Summary
holding that a conditional offer did not trigger a right of first refusal
Summary of this case from Castle Props., Inc. v. Wasilla Lake Church of the NazareneOpinion
May 26, 1987
Appeal from the Supreme Court, Nassau County (Collins, J.).
Ordered that the order is modified, on the law, by granting the plaintiff summary judgment on its first cause of action setting aside a conveyance of real property, dated September 5, 1980, by the defendant Murray H. Pomerantz to the defendant Harold S. Pomerantz, and directing specific performance on the plaintiff's right of first refusal under a lease between the plaintiff and the defendant Harold Pomerantz at a price of $90,000; as so modified, the order is affirmed, insofar as appealed from, with costs to the plaintiff.
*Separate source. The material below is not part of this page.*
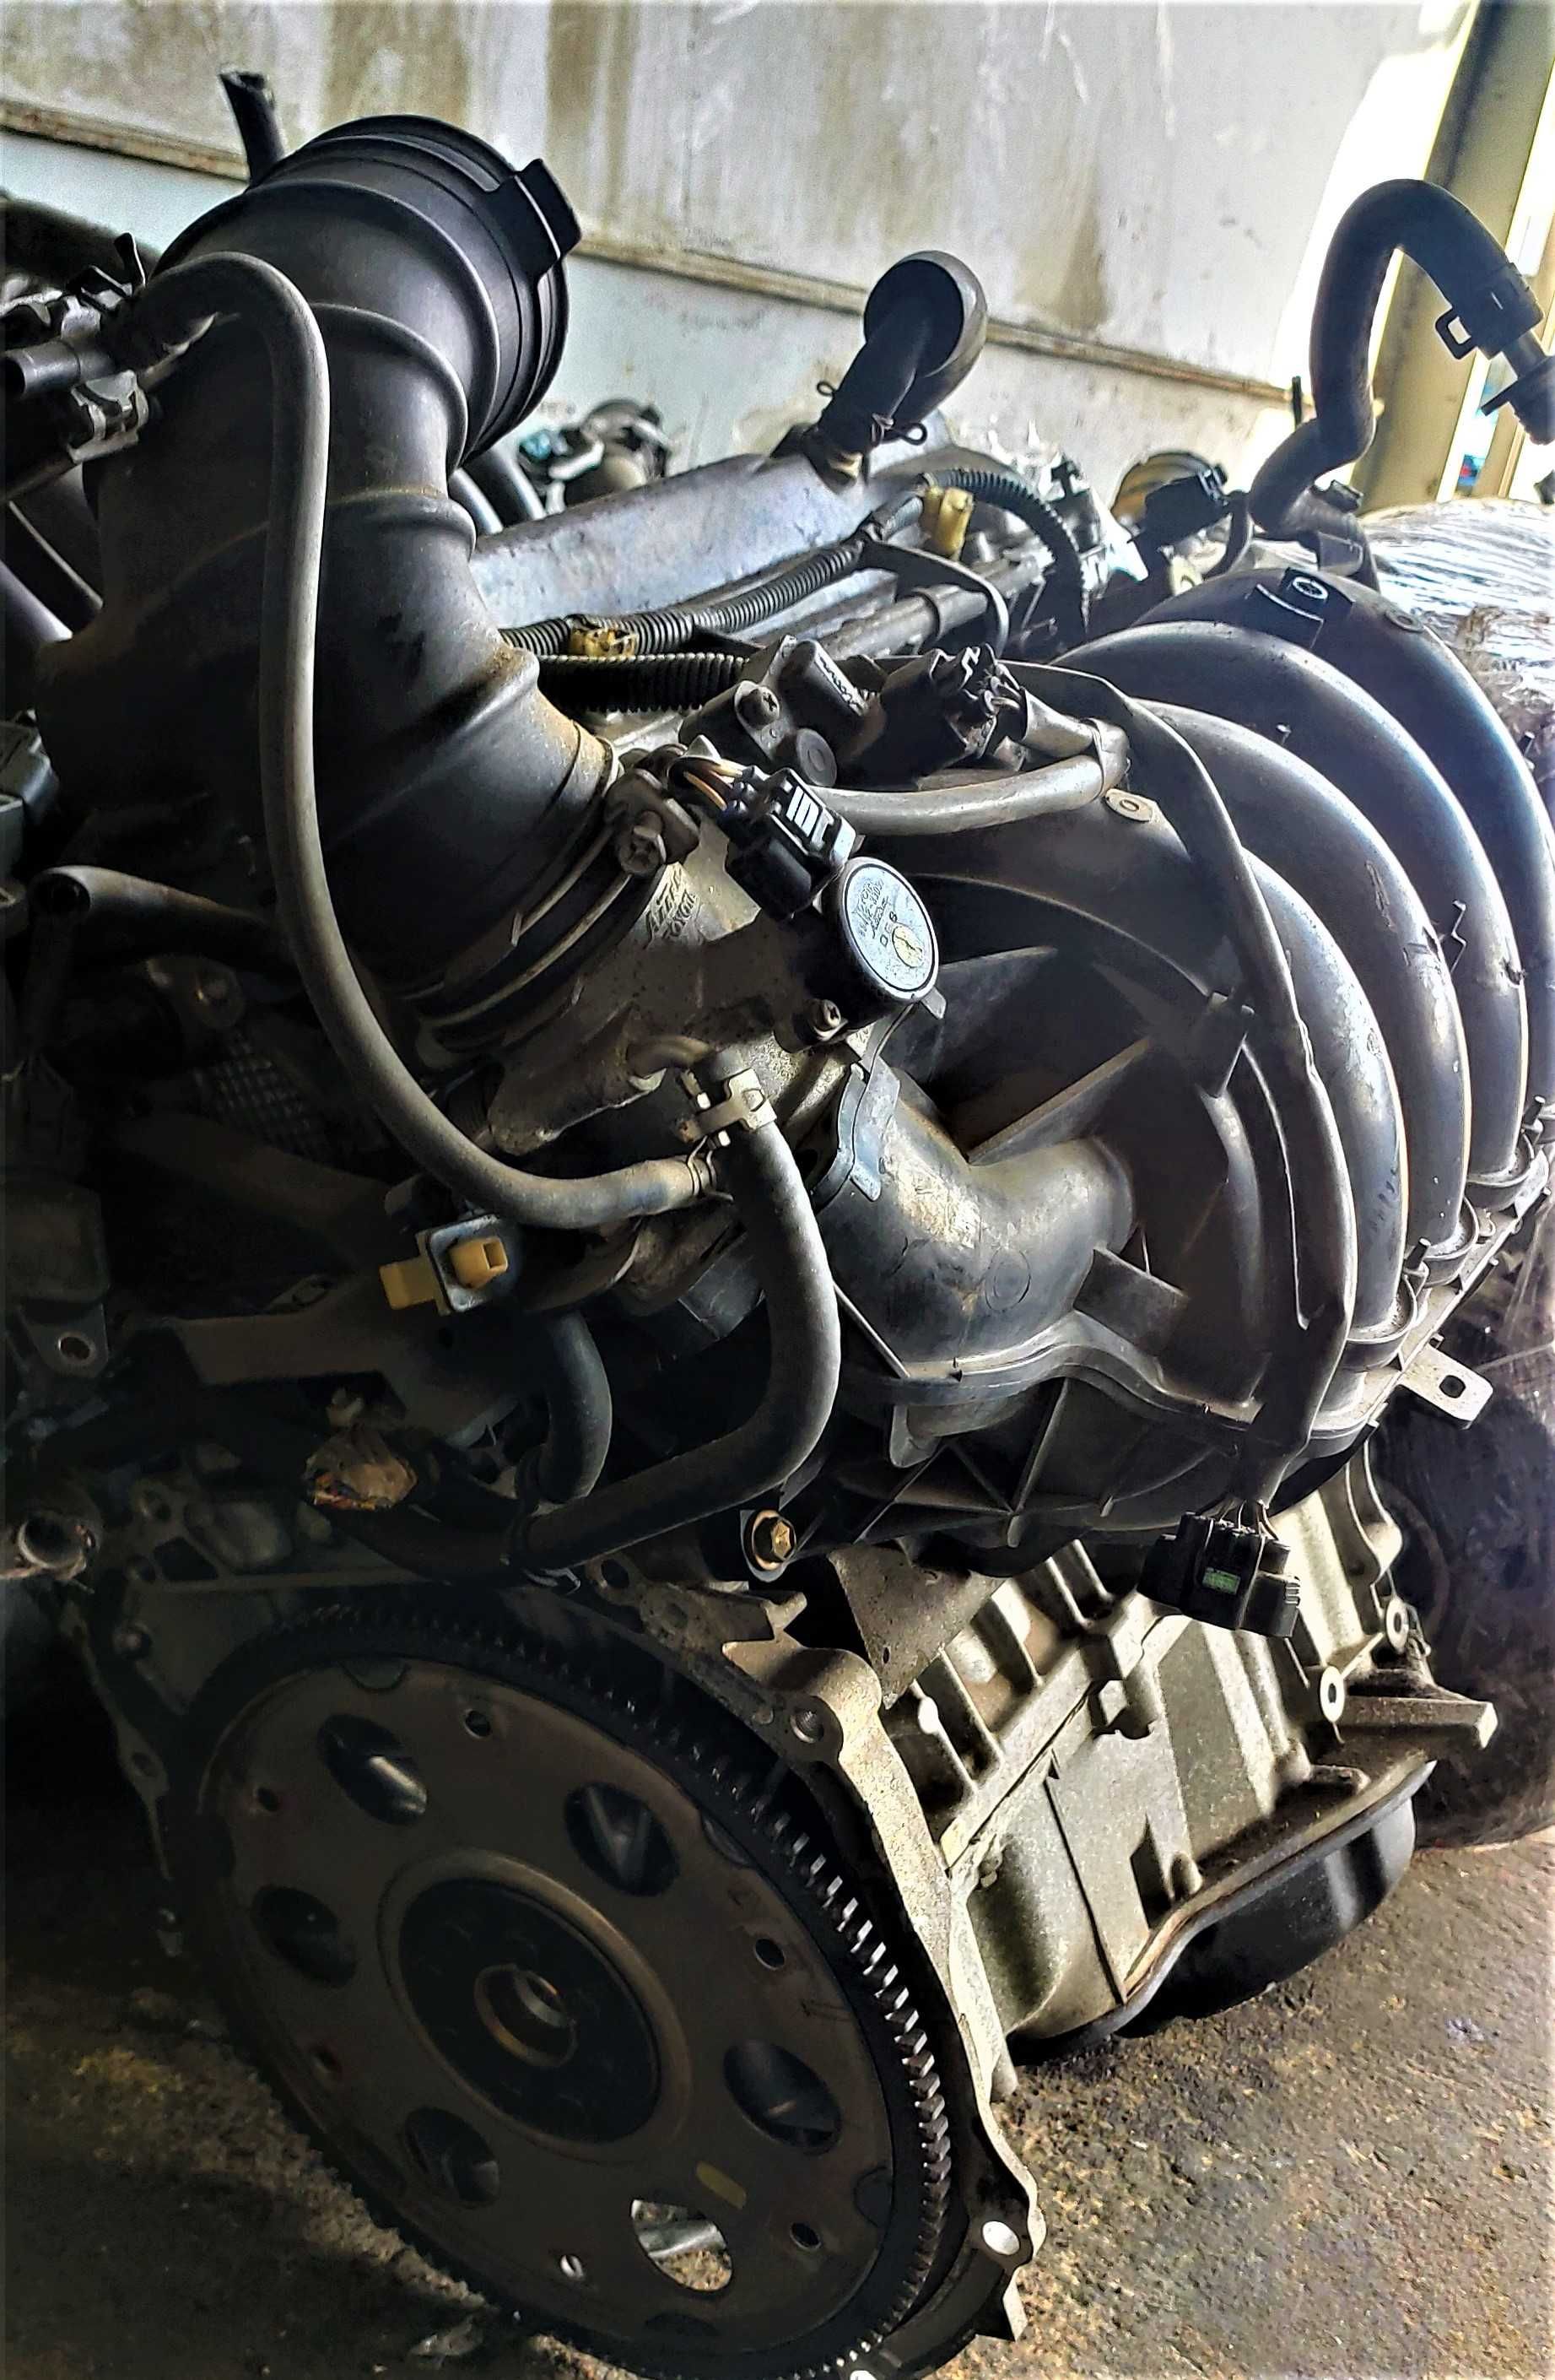 Двигатель на Toyota Highlander, 2AZ-FE (VVT-i), объем 2.4 л.

On June 27, 1980, the plaintiff, as tenant, and the defendant Murray Pomerantz, as landlord, entered into a written lease for the rental of certain premises in Nassau County. Section 31 of the lease provided that: "The leasee shall have the option to purchase the building for the sum of $200,000., at any time during the term of the lease. In the event the landlord wants to sell during the term of the lease, the tenant shall have right of 1st refusal at option price, or price offered to prospective purchaser, whichever is less".
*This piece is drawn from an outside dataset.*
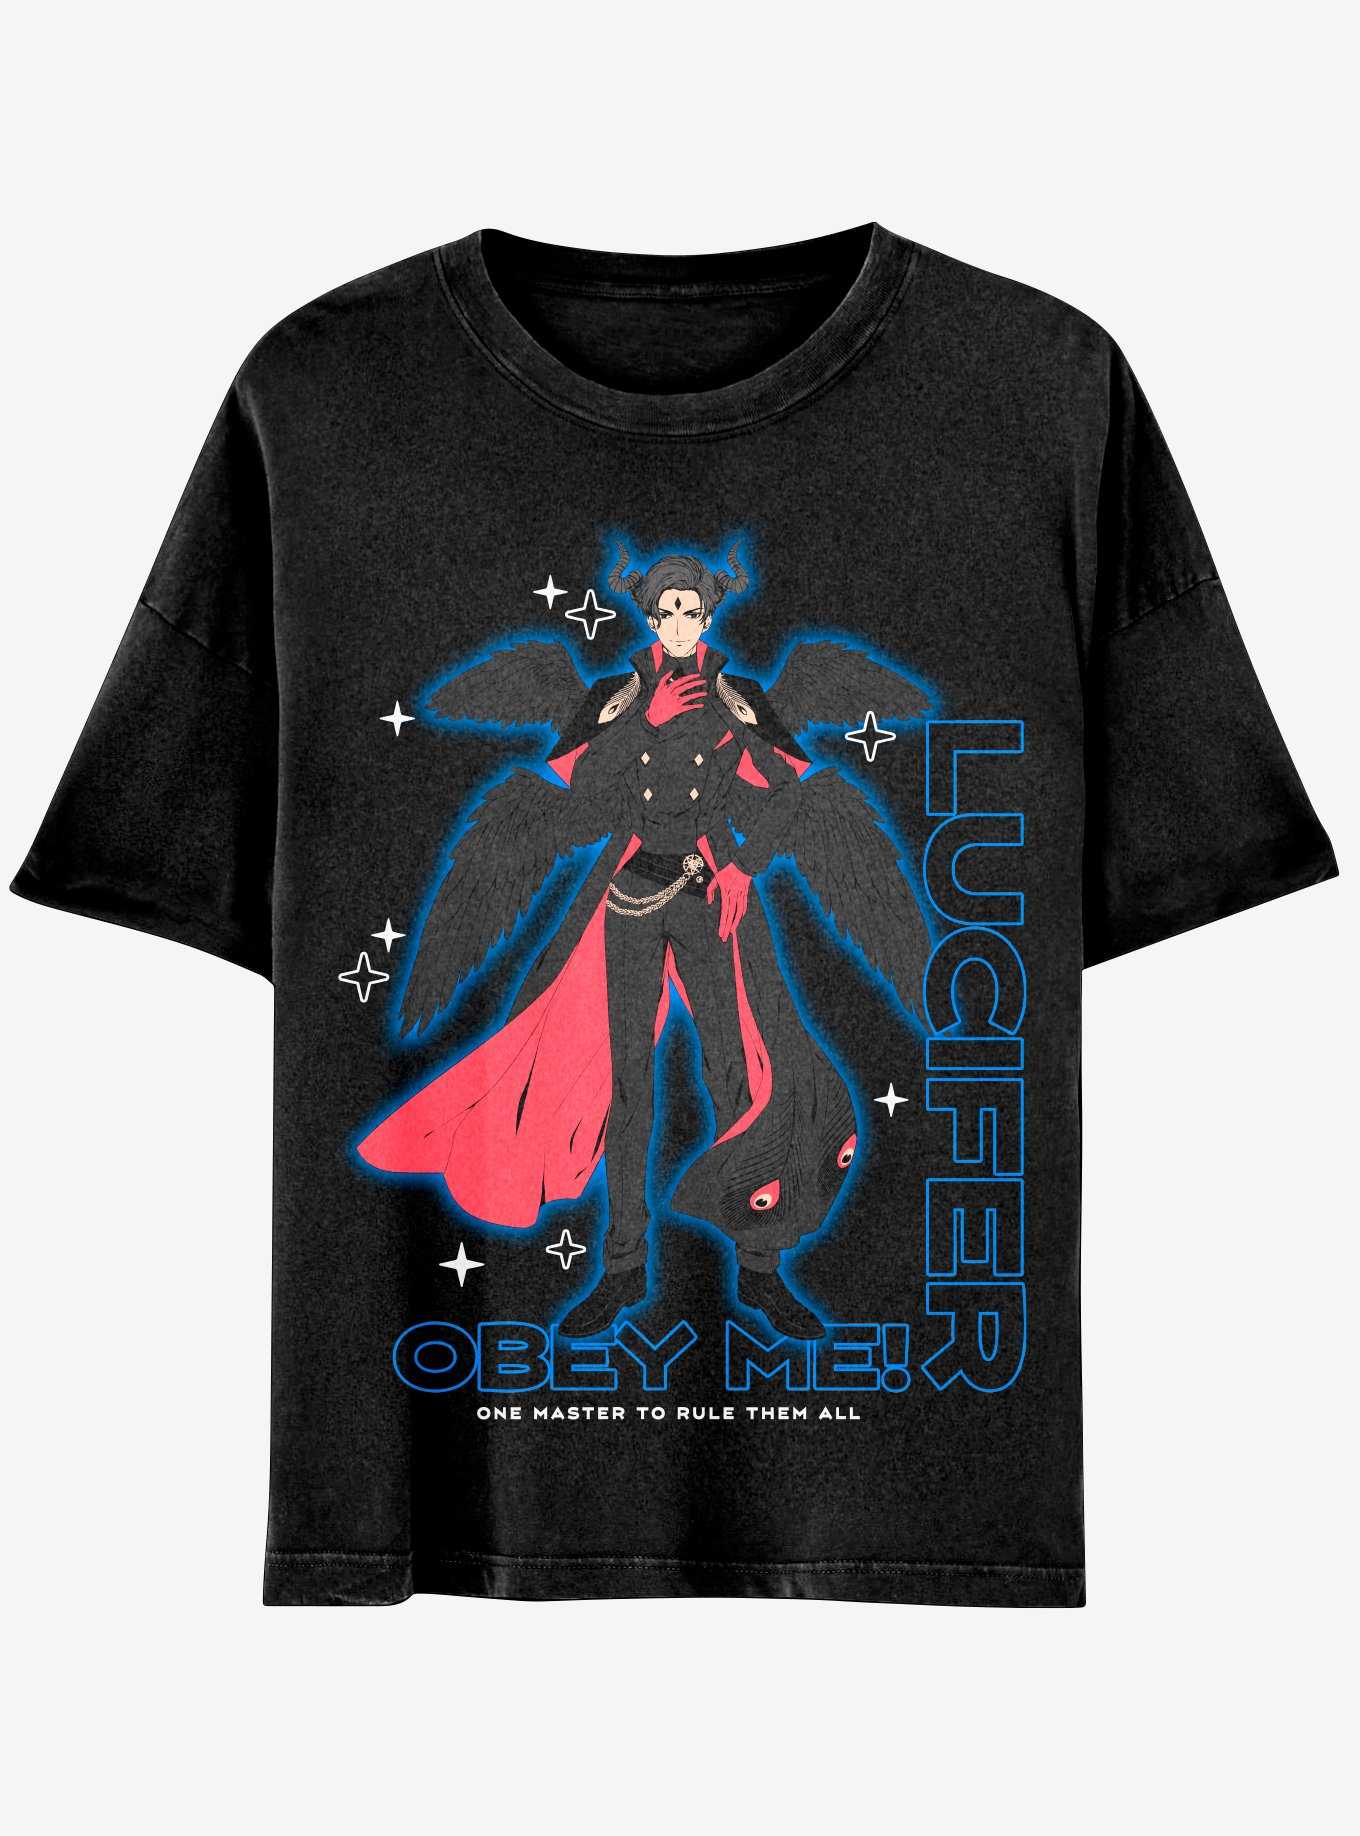 Obey Me! Lucifer Boyfriend Fit Girls T-Shirt, , hi-res

Shortly thereafter, the Urban Development Corporation approached the defendant Murray Pomerantz and offered to purchase the premises for $200,000 on condition that the premises would be unoccupied. The defendant informed the plaintiff of the offer and offered to sell the premises to the plaintiff at the same price. The plaintiff refused the offer as well as the defendant's request to cancel the lease so that the premises could be sold vacant. On September 5, 1980, the defendant transferred ownership of the premises to his son, the defendant Harold Pomerantz, for $90,000 and subsequently assigned the lease to him.
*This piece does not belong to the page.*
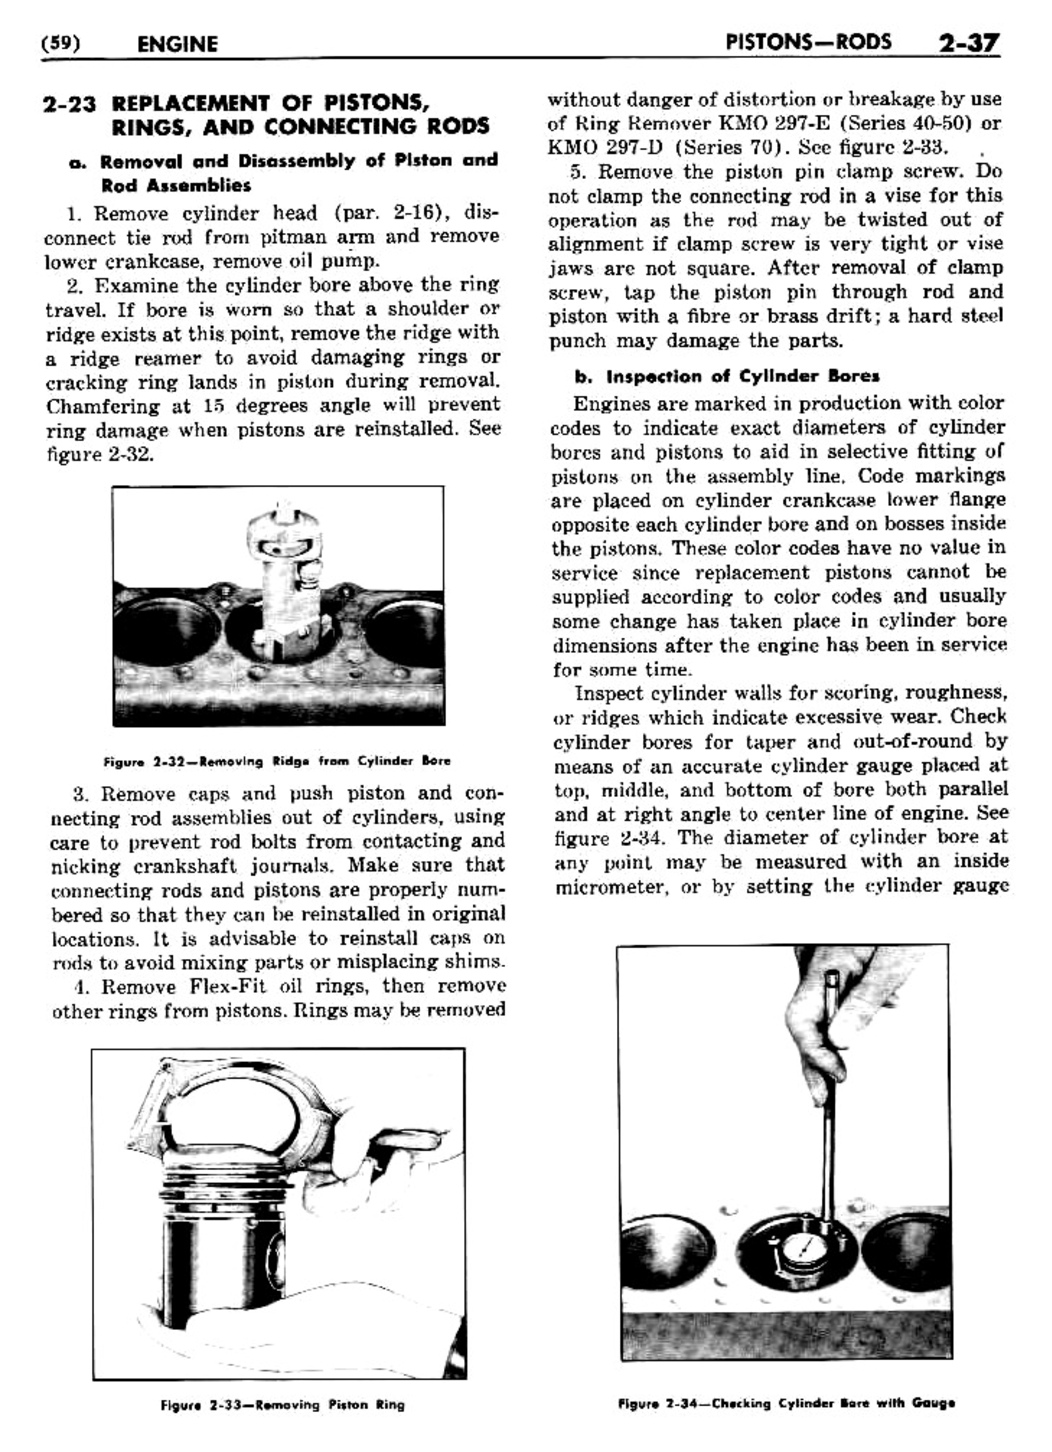 n_03 1948 Buick Shop Manual - Engine-037-037.jpg

The plaintiff commenced the instant action alleging, inter alia, that the sale of the property to Harold Pomerantz was in violation of its right of first refusal under the lease. The plaintiff's first cause of action sought specific performance of such right against the defendant Harold Pomerantz so as to permit the plaintiff to purchase the premises for $90,000. A second cause of action sought to set aside the sale to Harold Pomerantz; a declaration that the plaintiff had a valid option to purchase the premises for $200,000 during the term of the lease and that the plaintiff had a valid right of first refusal.
Contrary to the defendants' argument, the plaintiff did not waive its right of first refusal by declining to purchase the premises at the price offered by the Urban Development Corporation. It is well settled that lessees are not obligated to exercise an option of first refusal or suffer its forfeiture until the lessor has received a bona fide offer from a third party at terms which the lessor is willing to accept (see, Cortese v. Connors, 1 N.Y.2d 265, rearg denied 2 N.Y.2d 755). The lessor, however, must also be capable of accepting any such offer, that is, the conditions thereof must not be impossible to fulfill (see, Horse Haven v. Secret Meadow Farms, 87 A.D.2d 583, 584).
Here, it is undisputed that the Urban Development Corporation offer was conditioned upon the premises being unoccupied. Since the premises were, in fact, occupied by the plaintiff, who refused and was under no duty to vacate, the lessor, the defendant Murray Pomerantz, was not in a position to accept the offer. As only a conditional offer existed, and one condition was impossible to fulfill, the plaintiff was never required to exercise its right of first refusal and could not, therefore, have waived it. The subsequent sale of the premises to the defendant Harold Pomerantz, who was aware of the plaintiff's option, without a prior offer to the plaintiff, warrants the granting of specific performance of the plaintiff's right of first refusal at a price of $90,000 (see, 33 N.Y. Jur, Landlord Tenant, § 203; Wheeler v. Standard Oil Co., 263 N.Y. 34; Demetres v. Schulman, 3 A.D.2d 673, lv and rearg denied 3 A.D.2d 714, rearg denied 5 A.D.2d 678). Mangano, J.P., Kunzeman, Kooper and Spatt, JJ., concur.